__EXERCISE__: What is needed is every line, exactly as given, from the line containing "Fondos de pantalla Pink flower at sunlight" through the end of the data below.

__INPUT FOR THIS TASK__:
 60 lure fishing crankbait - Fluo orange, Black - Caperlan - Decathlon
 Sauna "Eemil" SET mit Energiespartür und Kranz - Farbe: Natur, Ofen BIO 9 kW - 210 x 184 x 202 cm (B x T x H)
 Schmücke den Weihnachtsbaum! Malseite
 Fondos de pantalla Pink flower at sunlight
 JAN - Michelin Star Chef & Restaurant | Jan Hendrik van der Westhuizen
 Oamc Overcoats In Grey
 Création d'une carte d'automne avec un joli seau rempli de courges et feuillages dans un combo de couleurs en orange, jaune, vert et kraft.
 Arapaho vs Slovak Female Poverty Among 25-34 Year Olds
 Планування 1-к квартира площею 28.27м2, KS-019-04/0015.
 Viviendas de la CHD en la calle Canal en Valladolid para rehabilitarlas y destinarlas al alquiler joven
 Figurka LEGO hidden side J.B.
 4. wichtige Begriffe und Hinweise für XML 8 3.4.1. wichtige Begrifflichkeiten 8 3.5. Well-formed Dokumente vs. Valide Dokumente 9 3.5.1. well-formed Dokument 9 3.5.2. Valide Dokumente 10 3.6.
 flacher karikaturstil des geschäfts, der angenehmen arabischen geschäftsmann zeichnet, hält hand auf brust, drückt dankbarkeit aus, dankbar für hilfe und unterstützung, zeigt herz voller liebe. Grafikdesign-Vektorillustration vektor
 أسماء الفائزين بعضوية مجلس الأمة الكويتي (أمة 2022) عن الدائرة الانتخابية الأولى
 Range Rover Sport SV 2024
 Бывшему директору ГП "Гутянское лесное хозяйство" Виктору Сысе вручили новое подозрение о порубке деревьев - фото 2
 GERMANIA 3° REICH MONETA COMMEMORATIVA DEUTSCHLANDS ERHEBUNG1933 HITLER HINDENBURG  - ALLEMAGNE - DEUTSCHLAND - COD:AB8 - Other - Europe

__RESPONSE__:
 Fondos de pantalla Pink flower at sunlight
 JAN - Michelin Star Chef & Restaurant | Jan Hendrik van der Westhuizen
 Oamc Overcoats In Grey
 Création d'une carte d'automne avec un joli seau rempli de courges et feuillages dans un combo de couleurs en orange, jaune, vert et kraft.
 Arapaho vs Slovak Female Poverty Among 25-34 Year Olds
 Планування 1-к квартира площею 28.27м2, KS-019-04/0015.
 Viviendas de la CHD en la calle Canal en Valladolid para rehabilitarlas y destinarlas al alquiler joven
 Figurka LEGO hidden side J.B.
 4. wichtige Begriffe und Hinweise für XML 8 3.4.1. wichtige Begrifflichkeiten 8 3.5. Well-formed Dokumente vs. Valide Dokumente 9 3.5.1. well-formed Dokument 9 3.5.2. Valide Dokumente 10 3.6.
 flacher karikaturstil des geschäfts, der angenehmen arabischen geschäftsmann zeichnet, hält hand auf brust, drückt dankbarkeit aus, dankbar für hilfe und unterstützung, zeigt herz voller liebe. Grafikdesign-Vektorillustration vektor
 أسماء الفائزين بعضوية مجلس الأمة الكويتي (أمة 2022) عن الدائرة الانتخابية الأولى
 Range Rover Sport SV 2024
 Бывшему директору ГП "Гутянское лесное хозяйство" Виктору Сысе вручили новое подозрение о порубке деревьев - фото 2
 GERMANIA 3° REICH MONETA COMMEMORATIVA DEUTSCHLANDS ERHEBUNG1933 HITLER HINDENBURG  - ALLEMAGNE - DEUTSCHLAND - COD:AB8 - Other - Europe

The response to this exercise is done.